Evelyn Cao - The Authenticity Engine (Youtube AI Case Study)

Project: The Authenticity Engine | Case Study in AI Systems Design

Role: AI Prompt Architect & Systems Designer
Stack: Midjourney (v6.1) (used for Image Generation), Notion (used for Database Architecture), Figma (used for UI/UX), Gemini (v3.1) (used for Image Generation, and Project Clean Up.)

OBJECTIVE
Leveraging my expertise in UX documentation and systems design to reinvent how the YouTube brand tells stories. I aim to build scalable, brand-aligned prompt libraries that empower creators and producers to push the boundaries of Shorts, Subscriptions, and digital narrative, ensuring every AI-generated output feels authentically human and impactful.

Project Overview and logic

Define a scalable, modular prompting system for YouTube Lifestyle creators that avoids "AI Plasticity" and leans into "Human Imperfection."
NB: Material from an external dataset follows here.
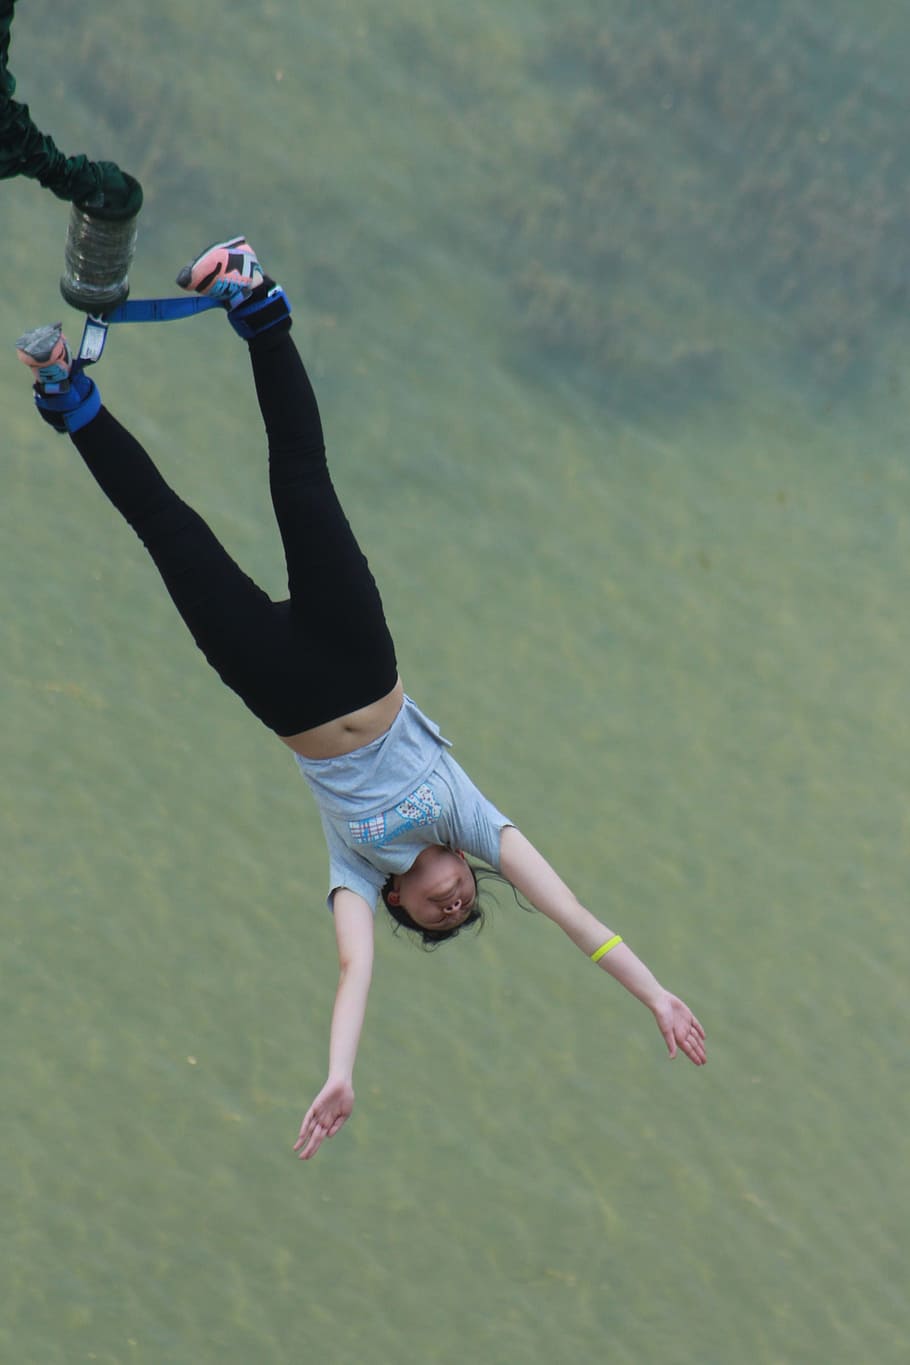 bungee jumping, lompat, berani, satu orang, gaya hidup, aktivitas rekreasi, orang sungguhan, air, hari, panjang penuh
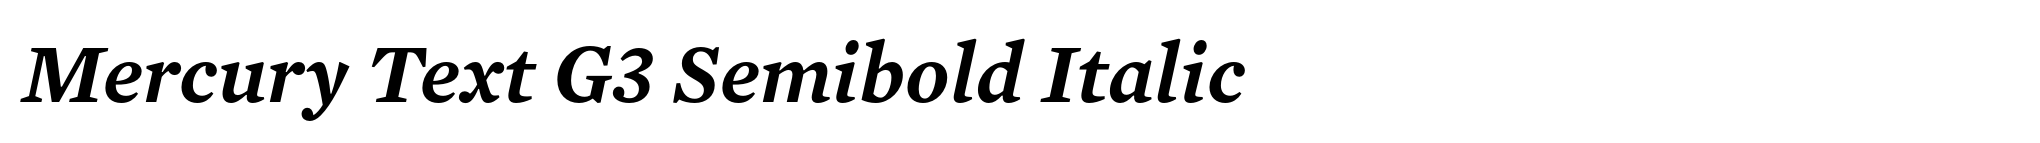 Mercury Text G3 Semibold Italic image

The Core Logic (The "If/Then" Matrix)

IF [Platform] = YouTube Shorts/Vlog
AND [Tone] = Relatable/Witty
THEN [Constraint] = 35mm Lens + Natural Lighting + Environmental Disruption (Messy Desk, Half-eaten food).

The "Master Template" (Product Handoff Format)

Asset Name: [e.g., The Relatable Neurologist]
Status: v1.2 (Production Ready) Target Vertical: Lifestyle / Professional Education
A. The Technical Requirements (The Prompt)
[Subject] + [Setting] + [Technical Hardware] + [Lighting Profile] + [The "Wit" Variable] + [Post-Processing]

Example String: Medium shot, POV vlogger style, 24mm lens, cluttered neurologist desk, hand holding a 'World's Okayest Doctor' mug, warm desk lamp vs. cool fluorescent overheads, authentic messy-but-professional bun, 4k digital noise.

B. The "Human Magic" Variable (The Fellowship X-Factor)
The Narrative Hook: Why is this "Impossible to Ignore"?
Logic: By using the "World's Okayest Doctor" text, we subvert the "Hero Doctor" trope, creating instant relatability for a YouTube audience.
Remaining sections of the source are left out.